The baby is innocent and he needs us to give him love. Somewhere along the way, i cried with her too. I've wronged her too much. I'm in love forever with a guy, i can never get marry with a girl, and maybe i can't make my family proud with this way of life, but this child has to have a family. My Dawn will never cry over his life, that's what i wanted to make sure of.

"I'm sorry Ma..I'm really sorry.."

We cried together, arm to arm, for a long time. And afterwards, she pulled out from me and looking at my eyes. A small hint of smile dancing in her lips.

"Come to think of it..actually i want a child from you, son. I even dreamed of your son. Maybe..maybe it's the way God show us His mercy and divine blessing."

She halted for a few second and continue with her words.

"But son, imagine that you are in Captain's shoes, what would people think of him if they find out that he has a child without marriage? Poor thing...and remember, you're the father of the child, you have to be responsible for his future. If i have to say something, you have to marry him. Marry him in the most respectable way and make him happy for the rest of his life. About our families, i'll talk to your dad and our families. But marry him for God's sake.." Those tears are still flowing from her eyes, but the initial shock was subsided and replaced by another wave of emotion.

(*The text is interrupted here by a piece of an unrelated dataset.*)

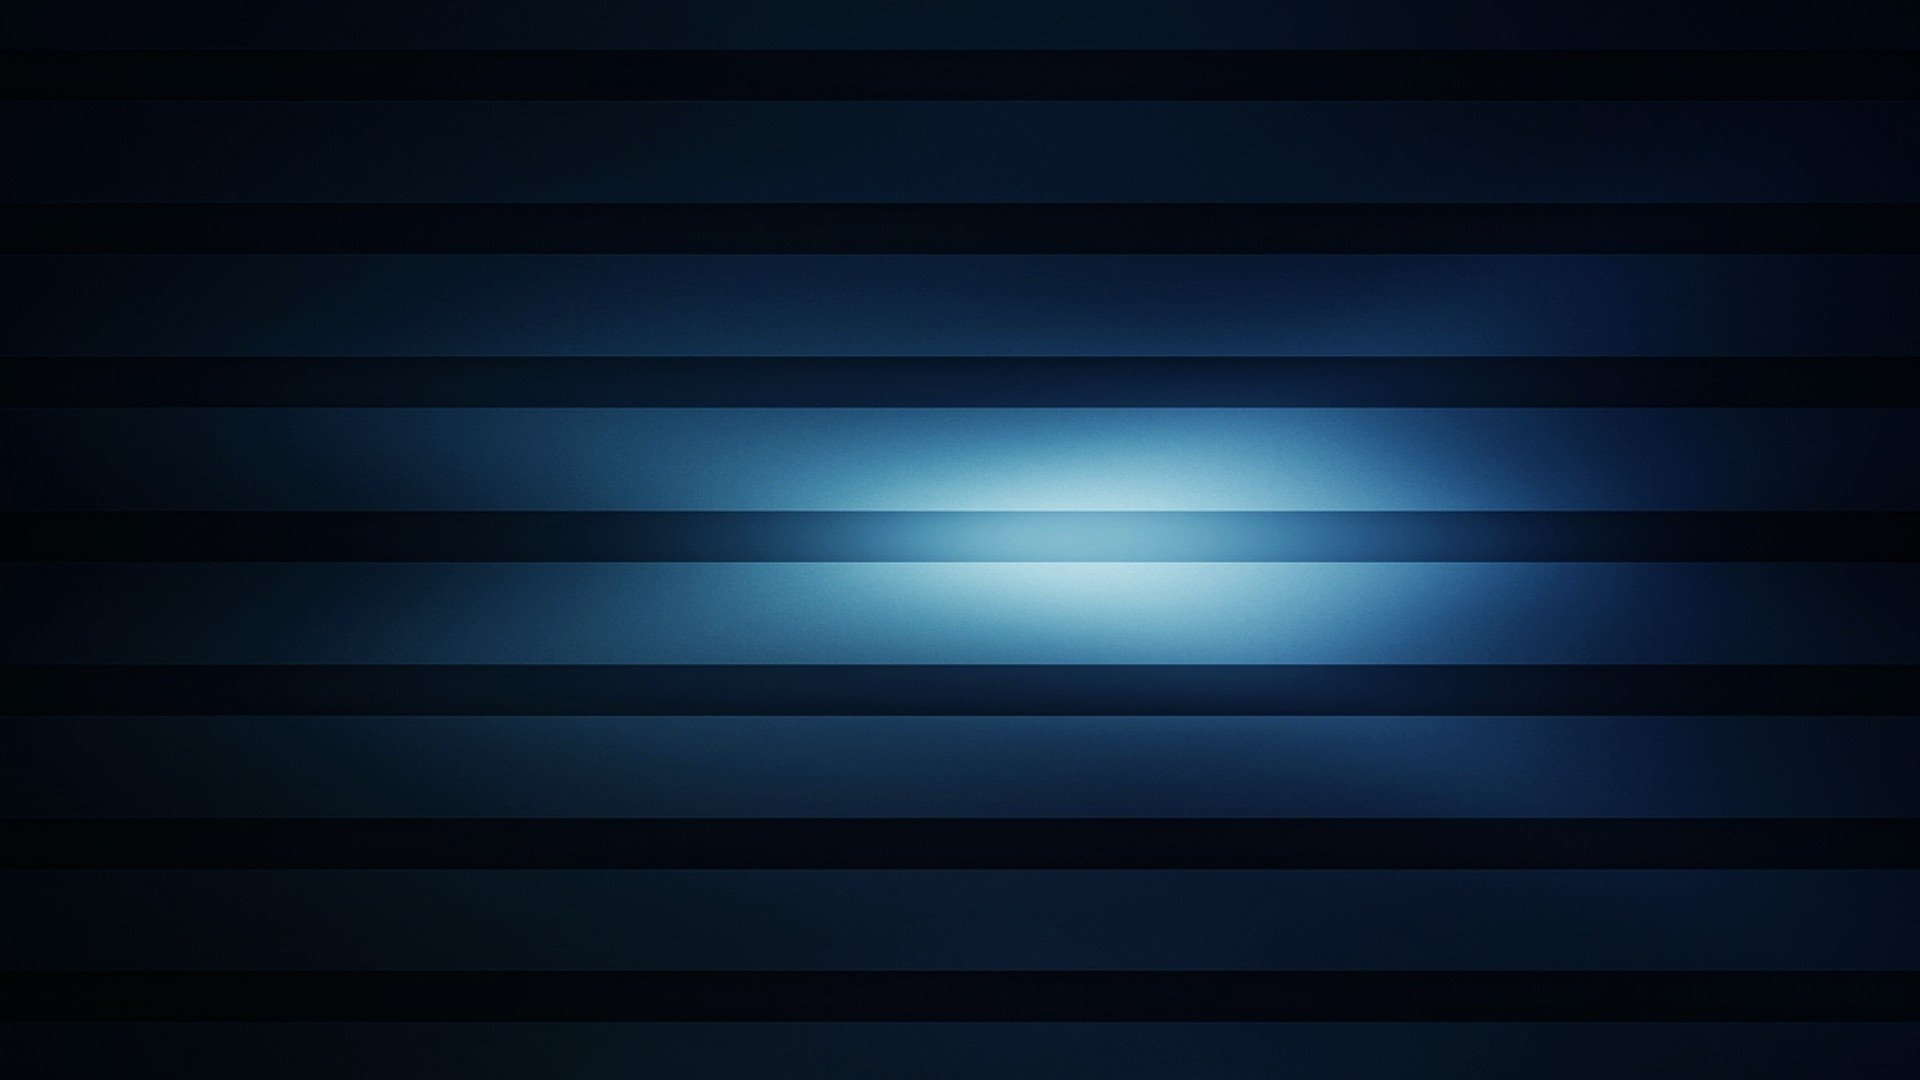 blue wallpaper iphone 8 plus

I nod my head as an approval. I see her in the eyes, and smiled at her.

"That's my plan, Ma. I won't leave him alone for whatever it takes. Believe me."

She smiled at me weakly, but then as if she remember something, she shook my shoulders.

"Almost forget...show me the baby. I need to know my grandchild."

I dashed into my room where Captain had been waiting, and found him there, sitting next to our sleeping baby. Dawn looked so peaceful, his plump cheeks rosy and glowed healthily.

"Someone wants to see our baby, Captain." I smile widely.

My Mama comes after i fetch her, and when she saw Dawn, her tears flows again.